A Clermont-Ferrand (Puy-de-Dôme) des chercheurs étudient les mécanismes biologiques de l’ours pour découvrir de nouvelles thérapies dans le domaine de la perte musculaire. Un programme d’étude international qui les conduit deux fois par an dans les forêts de Suède.
"L’ours est un formidable modèle pour l’homme" dit Etienne Lefai, chercheur à l’Unité de Nutrition Humaine de l’INRA et de l’Université de Clermont-Auvergne. Basé à Theix dans le Puy-de-Dôme, il s’interroge sur les mécanismes biologiques développés par les ours : "lors de son hibernation, il ne bouge plus, son rythme cardiaque chute à 10 pulsations par minutes, il devrait devenir obèse et subir une forte perte musculaire, or il n’en est rien". C’est tout l’inverse chez l’homme où l’inactivité et la fonte musculaire sont des maladies très contemporaines. D’où l’idée de dépasser les modèles de recherche scientifique classique (l’observation en laboratoire sur des cobayes) en allant voir dans la nature ce qui peut être transposé.

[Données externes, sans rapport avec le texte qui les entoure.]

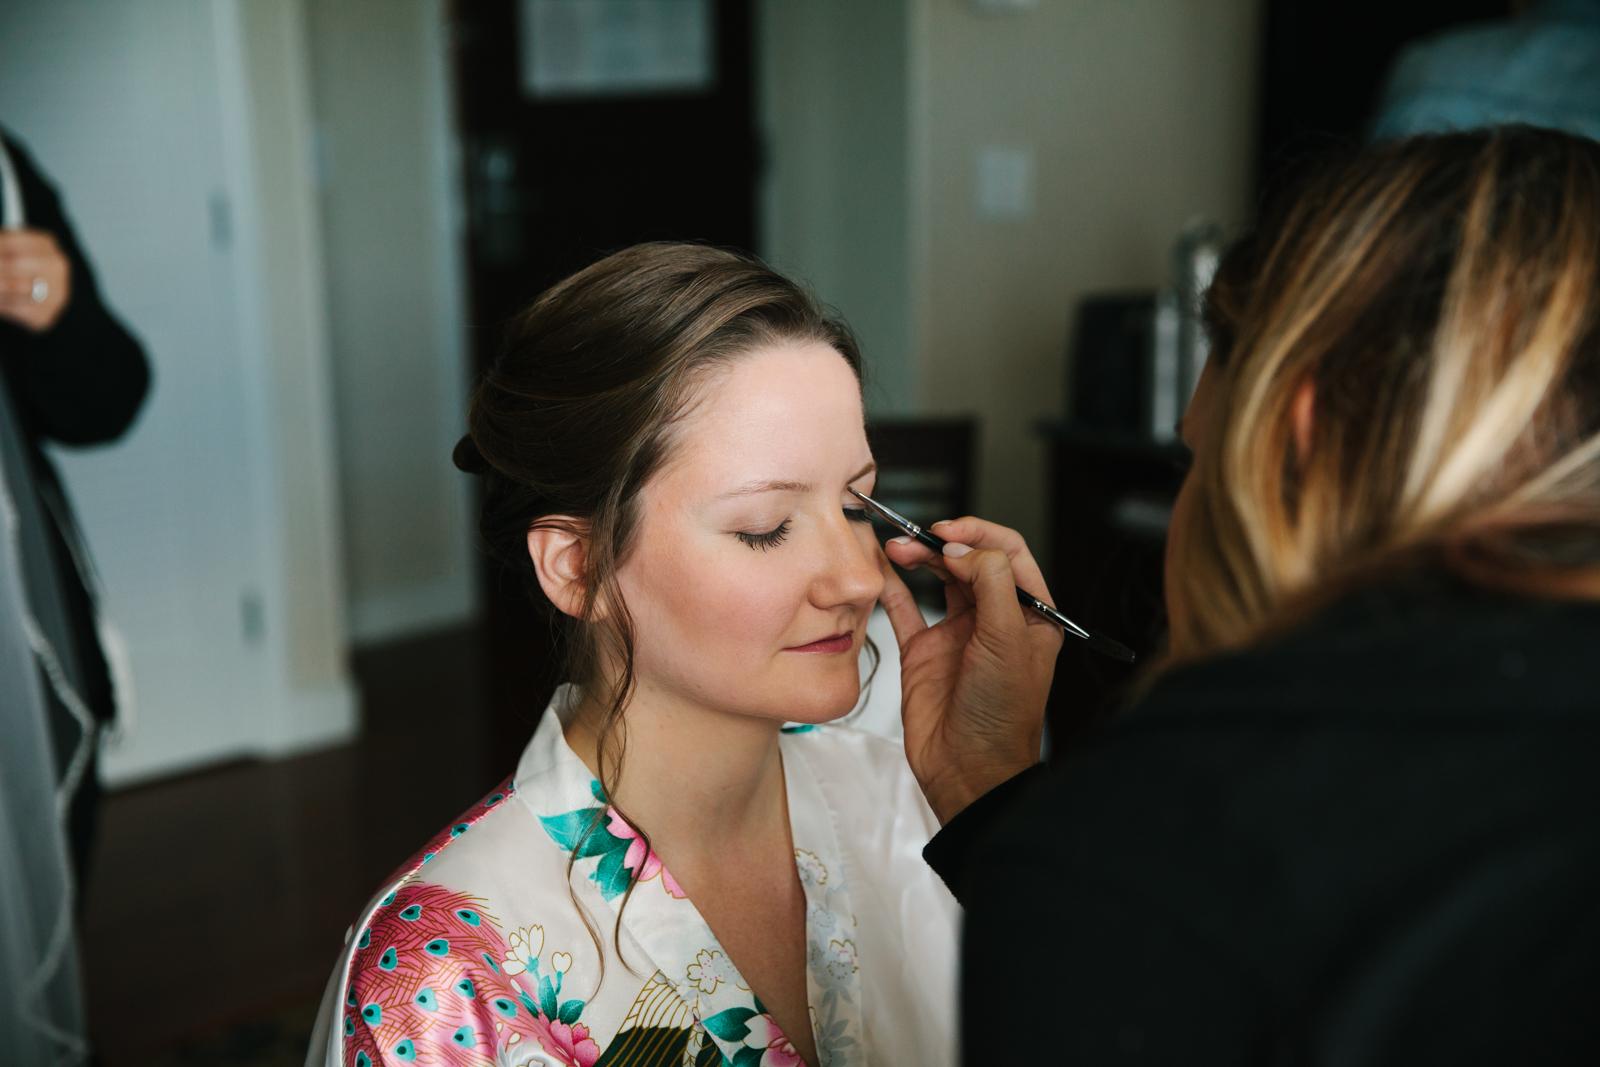 Eastons-Beach-Rotunda-Ballroom-Wedding-Newport-Rhode-Island-PhotographybyAmandaMorgan-13.jpg

C’est le travail lancé en 2010 en Suède, l’ours devenant le sujet d’étude d’équipes réparties dans le monde entier et qui se partagent les thématiques des maladies cardiaques, de l’obésité, de l’ostéoporose ou de la fonte musculaire.
Concrètement les chercheurs clermontois et leurs collègues de Strasbourg ont découvert que le sérum de l’ours (le sang sans les cellules) appliqué sur des cellules humaines bloquait la dégradation des protéines, limitant la fonte musculaire. Il leur faut maintenant identifier les composants qui agissent avant de pouvoir passer à la phase médicale permettant de développer des stratégies de soin.
Deux fois par an, en hiver et en été, ils passent une quinzaine de jours en Suède, à 400 kilomètres au nord de Stockholm. Une fois la bête capturée par les équipes locales, ils disposent de très peu de temps pour faire faire des prises de sang, des mesures et d’infimes prélèvements de muscles et de gras, sans jamais avoir le droit de toucher l’animal, un même individu ne pouvant être examiné que deux fois au cours de sa vie. "Une approche plus respectueuse de la condition animale, plus éthique où l’on recherche dans la nature les phénomènes qui existent déjà et fonctionnent" dit Etienne Lefai. "Les Suédois sont très stricts, on agit toujours sous le contrôle d’un comité d’éthique pas question d’attraper une femelle gestante" précise le chercheur strasbourgeois Fabrice Bertile.
Ainsi quand l’ours aura livré ses secrets de bonne santé (d’ici 5 ans peut-être), il pourra aider l’homme à lutter contre des maladies qui sont de plus en plus courantes.